Ce que cette sous-catégorie couvre — et ce qu'elle ne couvre pas
Cette sous-catégorie traite la création de sociétés avec personnalité morale — EURL, SASU, SAS, SARL — c'est-à-dire des structures juridiques distinctes de leur créateur, avec un capital social, une immatriculation au registre du commerce et des obligations comptables spécifiques.
Elle ne couvre pas la micro-entreprise, qui est un régime simplifié sans personnalité morale distincte — c'est l'objet de la sous-catégorie Micro-entreprise. Elle ne couvre pas non plus la franchise (sous-catégorie dédiée) ni la reprise d'une entreprise existante (sous-catégorie dédiée).
Le lecteur qui arrive ici a en général dépassé le stade de l'exploration : il a une idée d'activité, il sait qu'il va dépasser les plafonds de la micro-entreprise ou qu'il a besoin d'une structure plus solide pour des raisons de protection, de crédibilité ou d'association future.

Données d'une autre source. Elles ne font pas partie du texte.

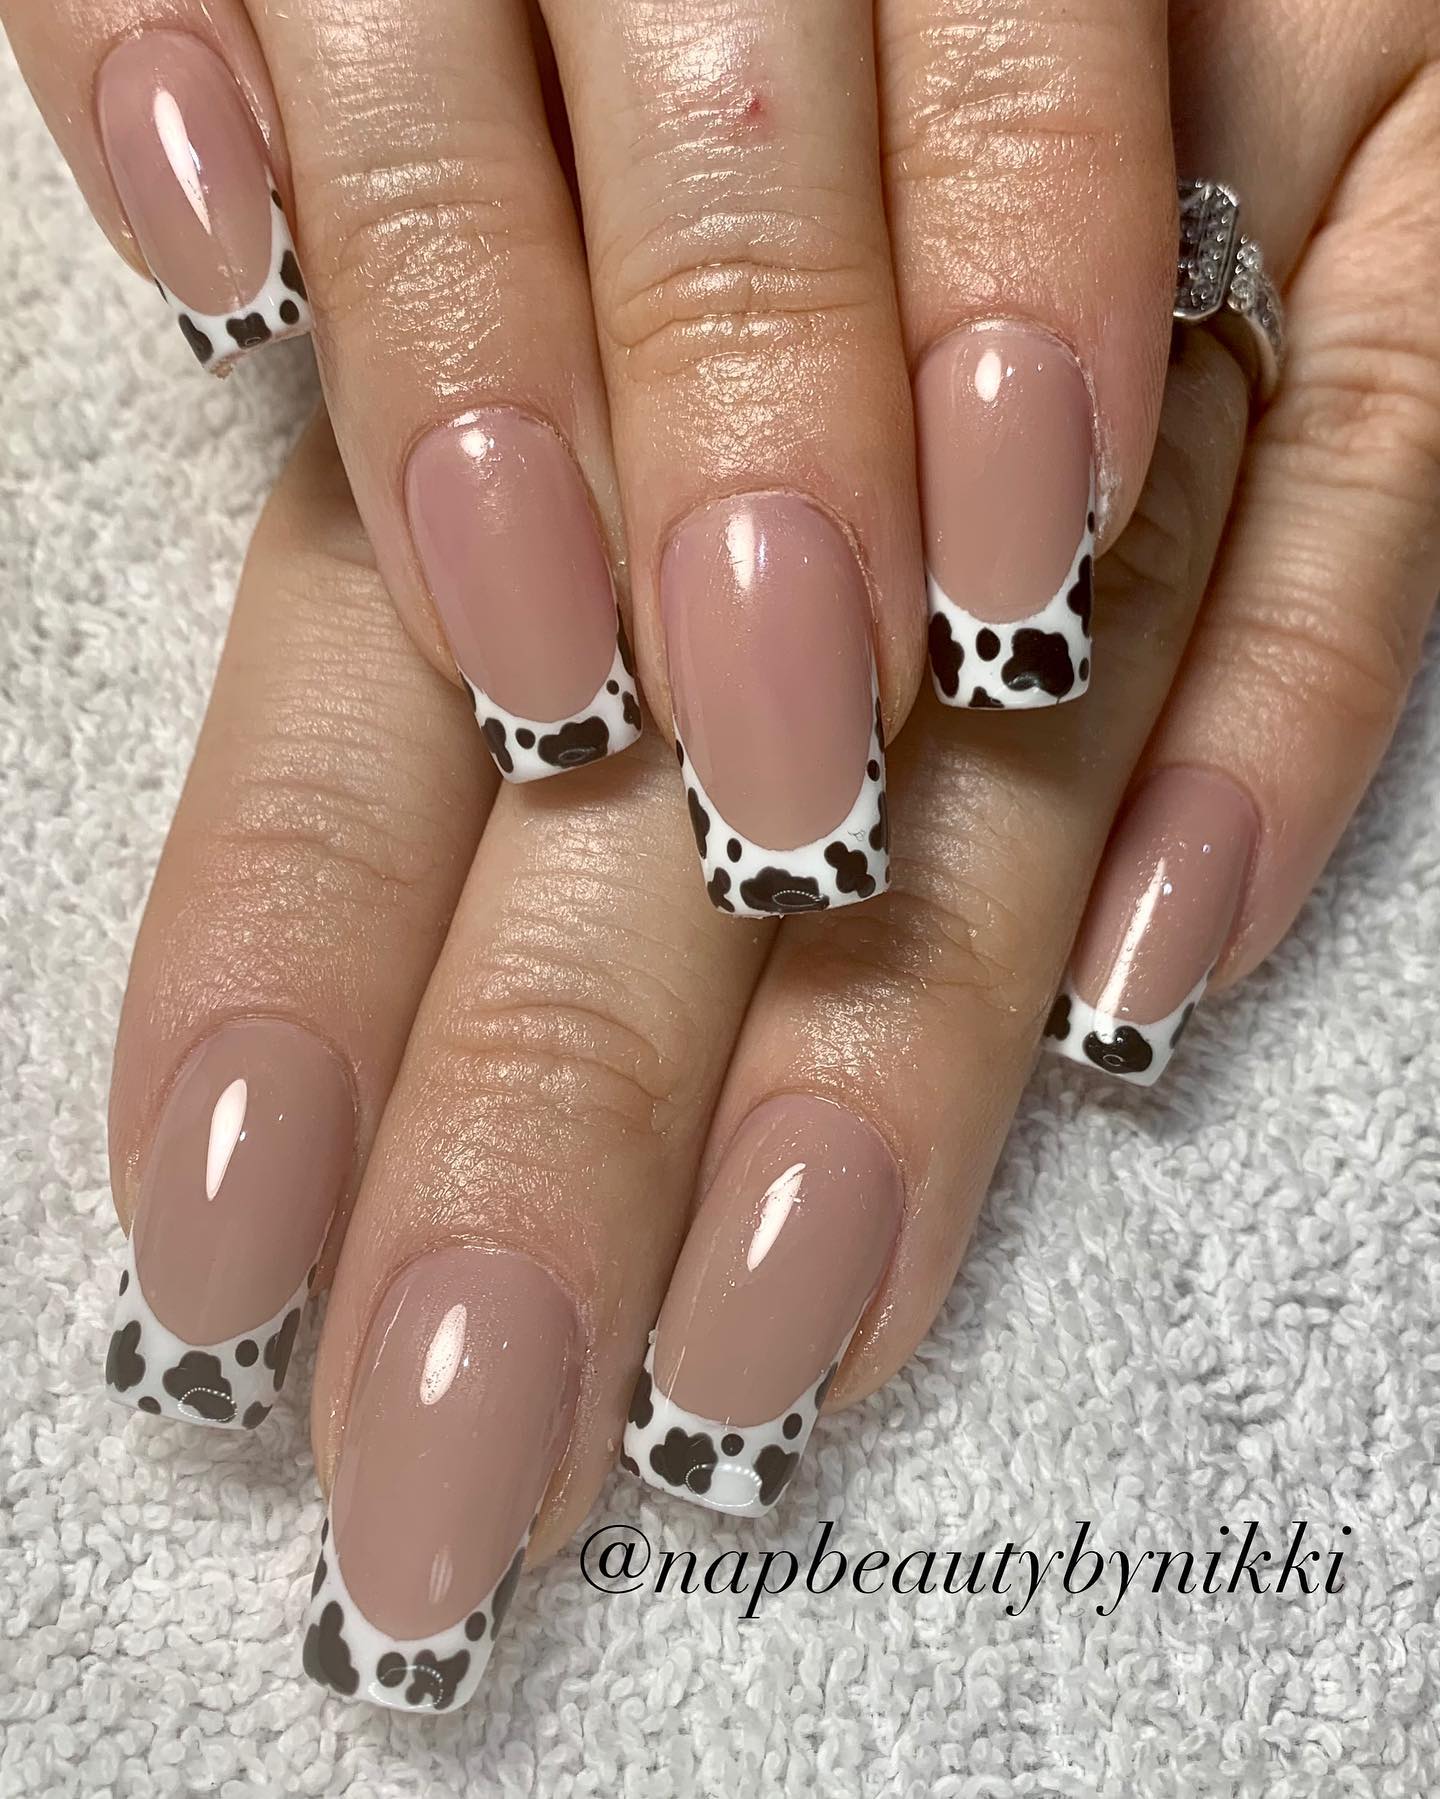 Are you ready for a cow-themed party? Your long square nails with be quite matching with cow print French tips like the one above. Darker tone of nude nail polish will add an extra beauty, too.
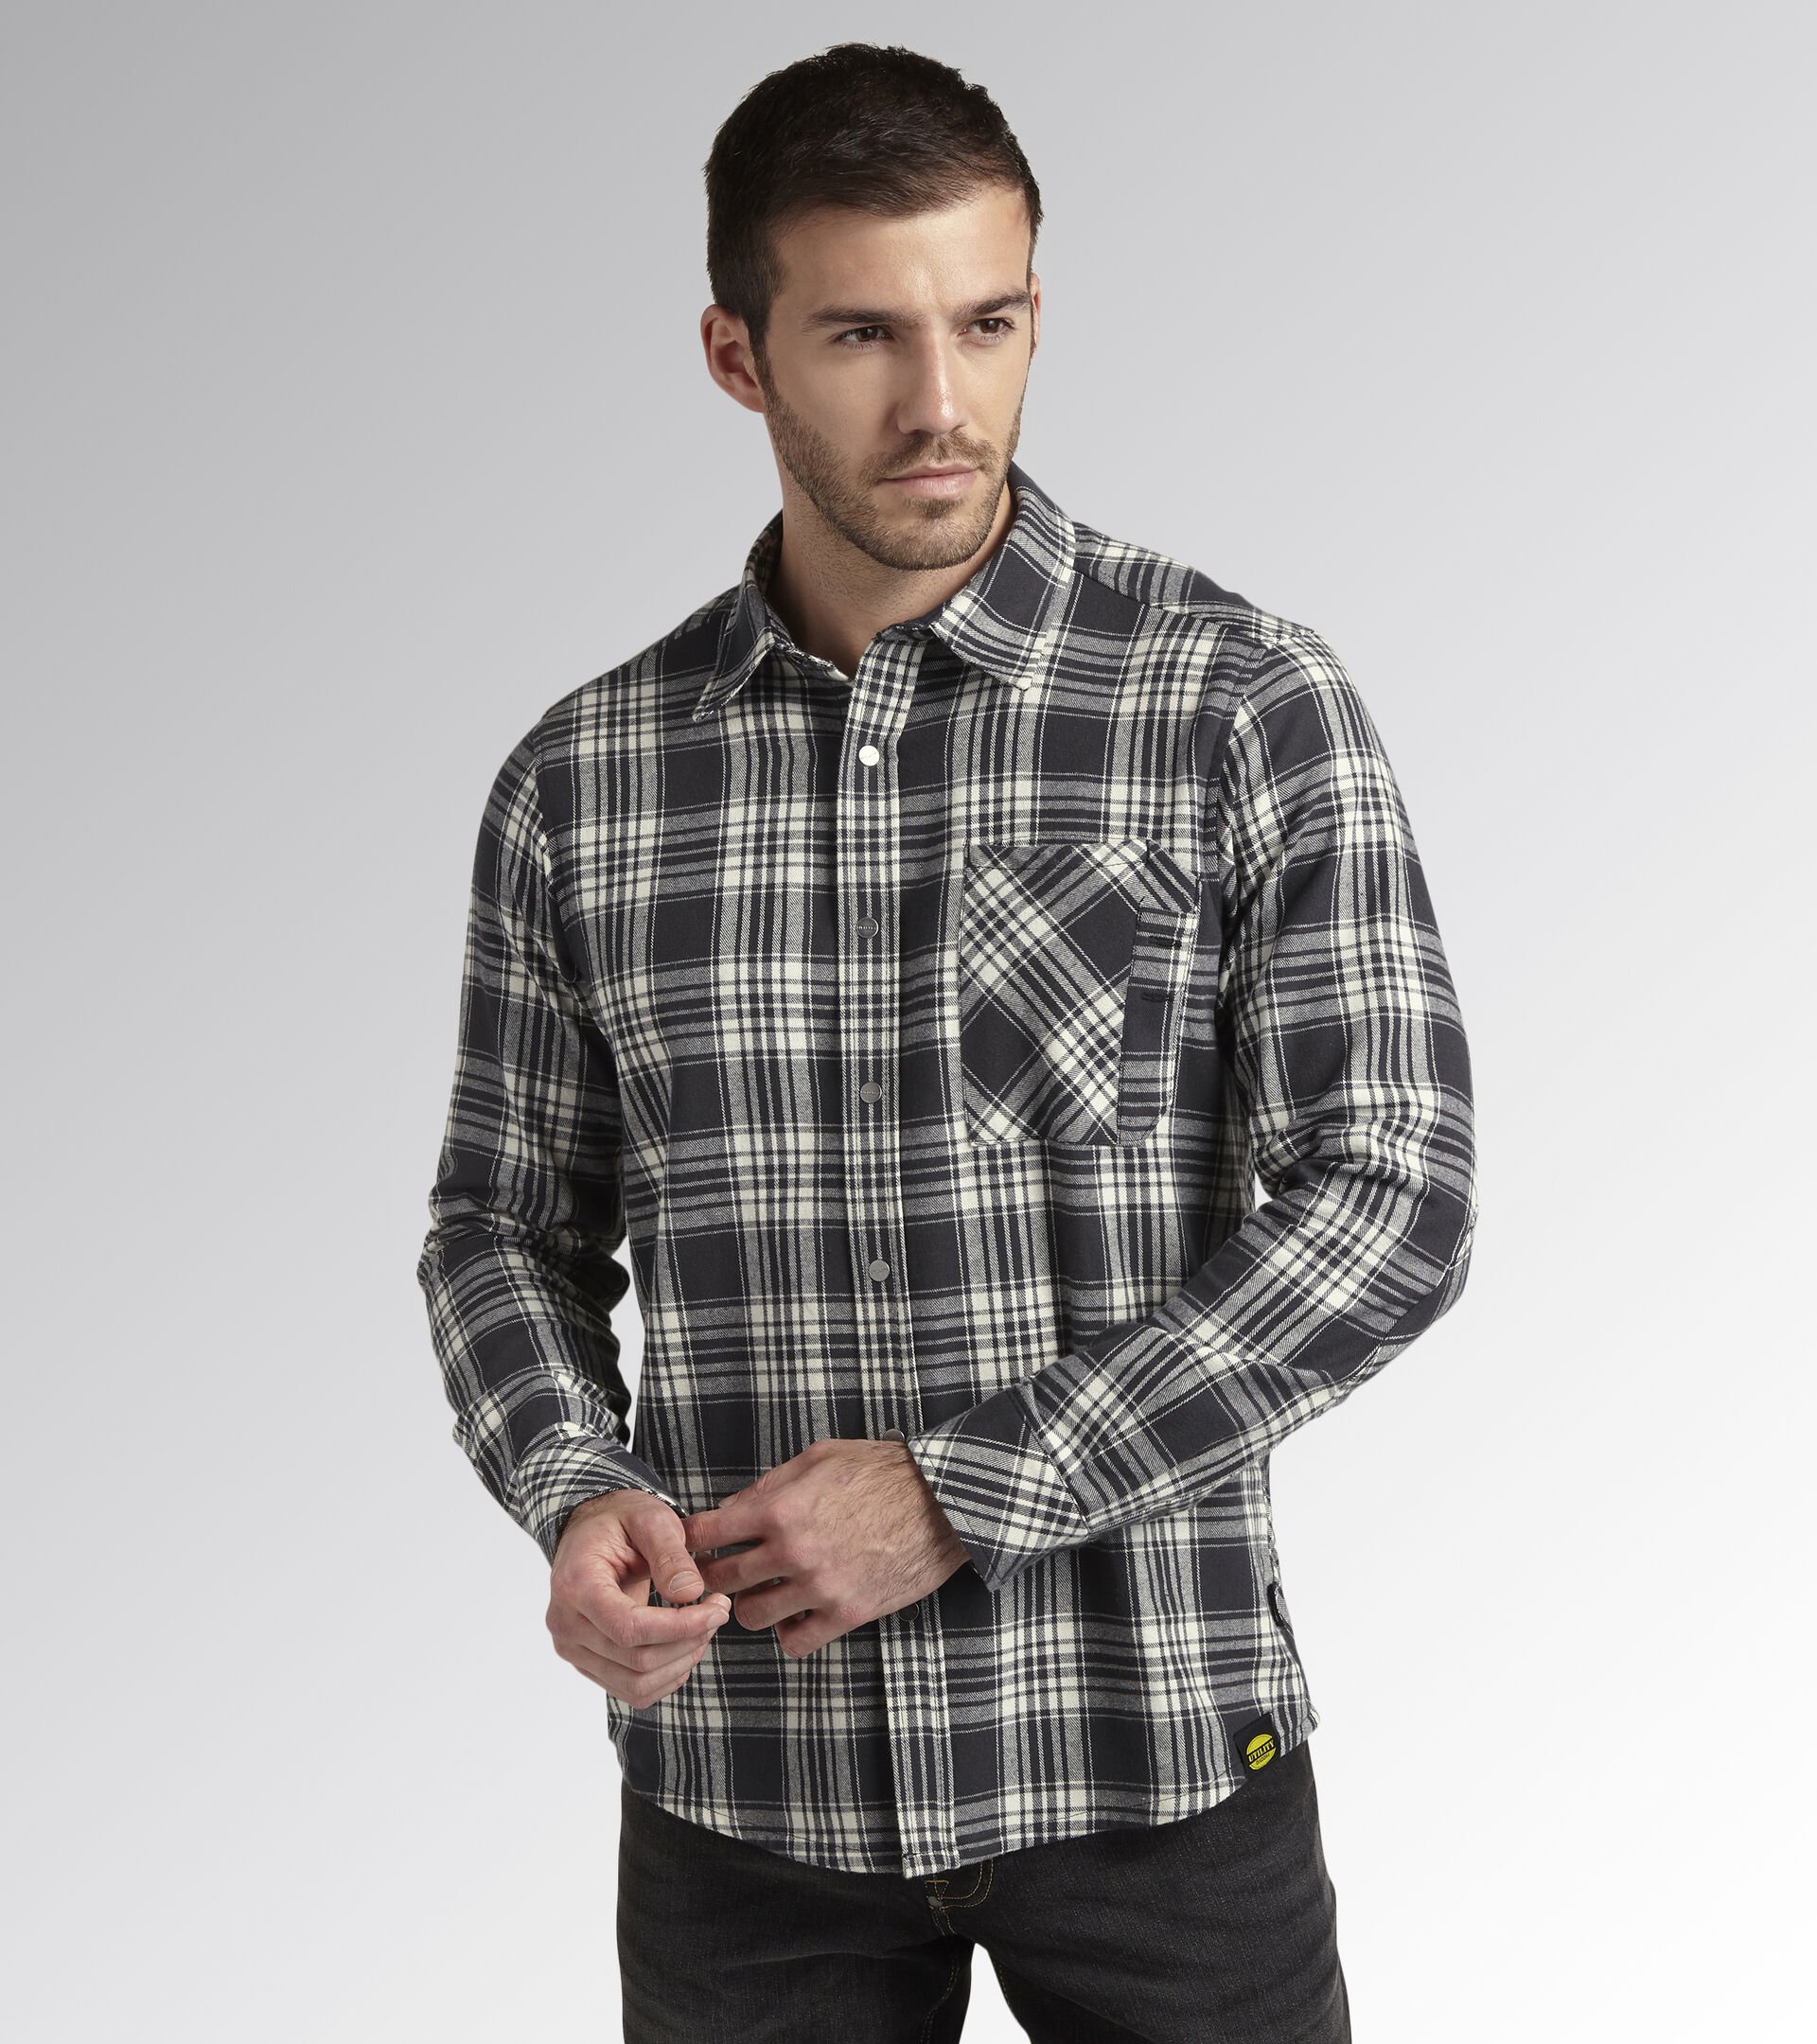 Work and safety shirt SHIRT CHECK BLACK/OFF WHITE - Utility

Le choix de la forme juridique conditionne tout — pourquoi il mérite du temps
La forme juridique choisie au départ détermine quatre paramètres majeurs qui seront difficiles à modifier ensuite : le régime social du dirigeant (assimilé salarié en SASU, TNS — travailleur non salarié — en EURL et SARL), la fiscalité (impôt sur les sociétés ou impôt sur le revenu selon la structure), les obligations comptables et les modalités de sortie des bénéfices.
En reconversion, la tentation est de choisir vite pour démarrer. C'est souvent une erreur : un mauvais choix de structure coûte cher à corriger — transformation de société, dissolution, refonte des statuts. Les articles ci-dessous expliquent les critères de choix selon votre situation et votre projet, sans jargon juridique inutile.